How Bench Handles Computer Repair Shops
Managing a computer repair operation means juggling dozens of open tickets across different device types, tracking parts orders and inventory, and keeping customers updated on status — all while doing the actual repair work. This is where most shops either drown in spreadsheets or overpay for software built for a different industry.
Ticket Tracking Built for Repair Workflows
Bench lets you create intake tickets that capture the device details, customer-reported symptoms, diagnostic findings, and repair authorization in one place. Every status change is logged, so you have a full audit trail from intake through completion. When a customer calls asking about their laptop, your front desk can pull up the ticket and give an accurate answer in seconds.
Parts Inventory and Cost Tracking
Log your parts inventory with cost-per-unit, supplier information, and stock levels. When you complete a repair, associate the parts used with the ticket — your margins are calculated automatically. No more guessing whether your MacBook screen repairs are actually profitable or just feel profitable.
Customer Portal for Status Updates
Your customers get a tracking link where they can see their repair status in real time. That means fewer phone calls interrupting your workflow, fewer "is it done yet?" emails, and customers who feel informed without you having to chase them down. For business accounts managing multiple devices, the portal shows all their active and completed repairs in one view.

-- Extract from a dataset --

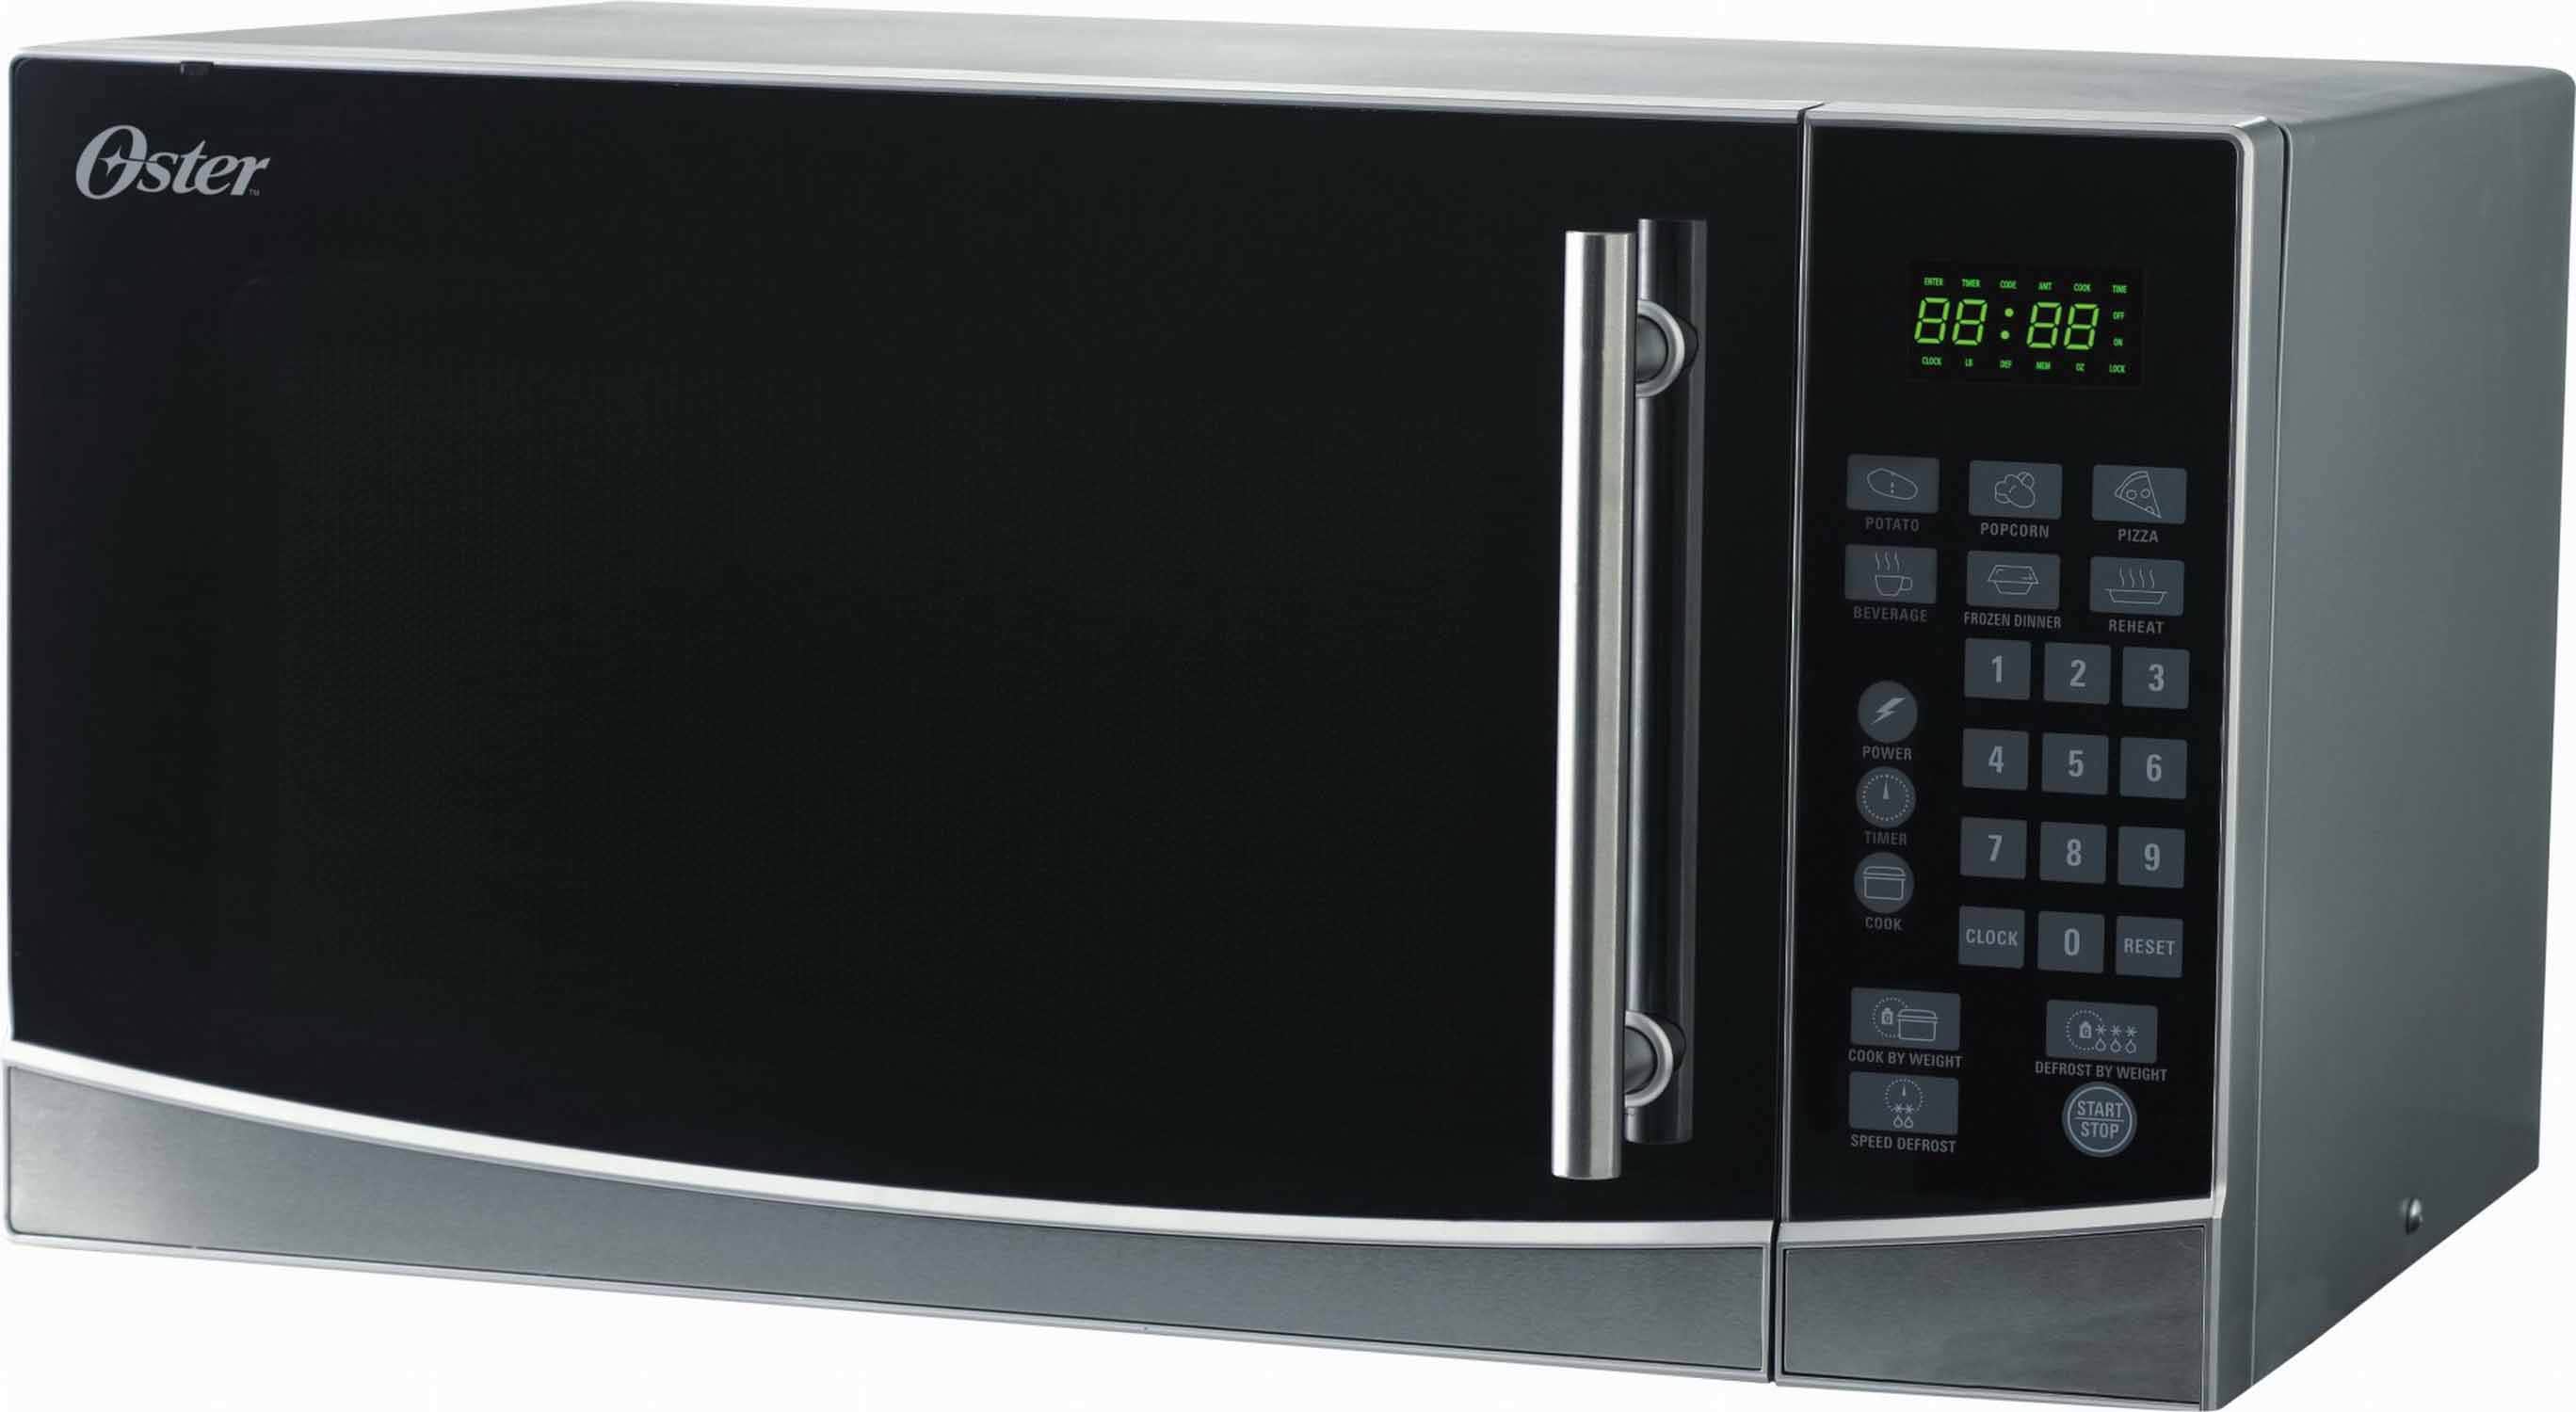 Offers on Oster Brand Microwave Oven With Air Fryer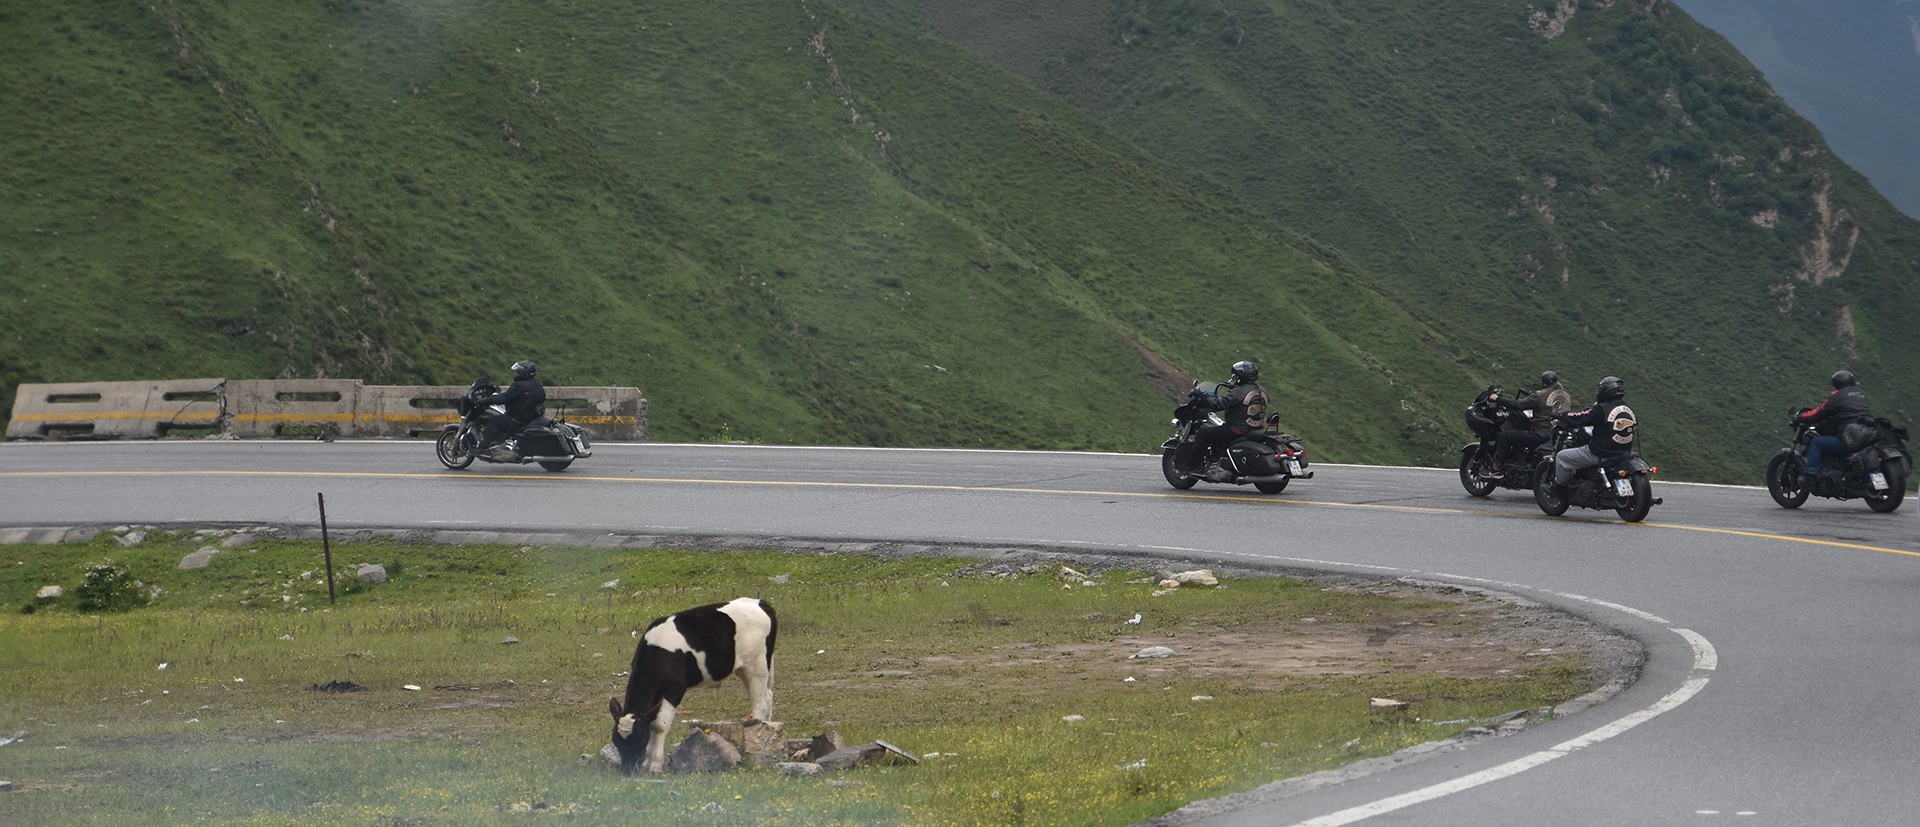 Rental Motorbike Tour from Sichuan to Tibet on 318 Highway

Reporting That Drives Pricing Decisions
Run reports on revenue by repair type, average margin per device category, and technician throughput. When it's time to review your pricing quarterly, you're making decisions based on real data from your own shop — not guessing based on what some forum post said six months ago.
The Bottom Line
Computer repair pricing in 2026 comes down to knowing your actual costs, understanding your local market, and having the discipline to track your margins by repair type. The shops that thrive aren't the cheapest — they're the ones that price deliberately, communicate value clearly, and adjust based on data.
Set flat rates for predictable repairs. Use hourly billing for diagnostic-heavy work. Always charge a diagnostic fee. Offer tiered parts quality so customers have a choice. Build business accounts with service contracts and priority SLAs. And know when to decline a repair that doesn't make financial sense for you or the customer.
If you're tracking all of this in a spreadsheet or in your head, you're leaving money on the table. The difference between a shop that survives and one that grows is visibility into what's actually making you money — and what isn't.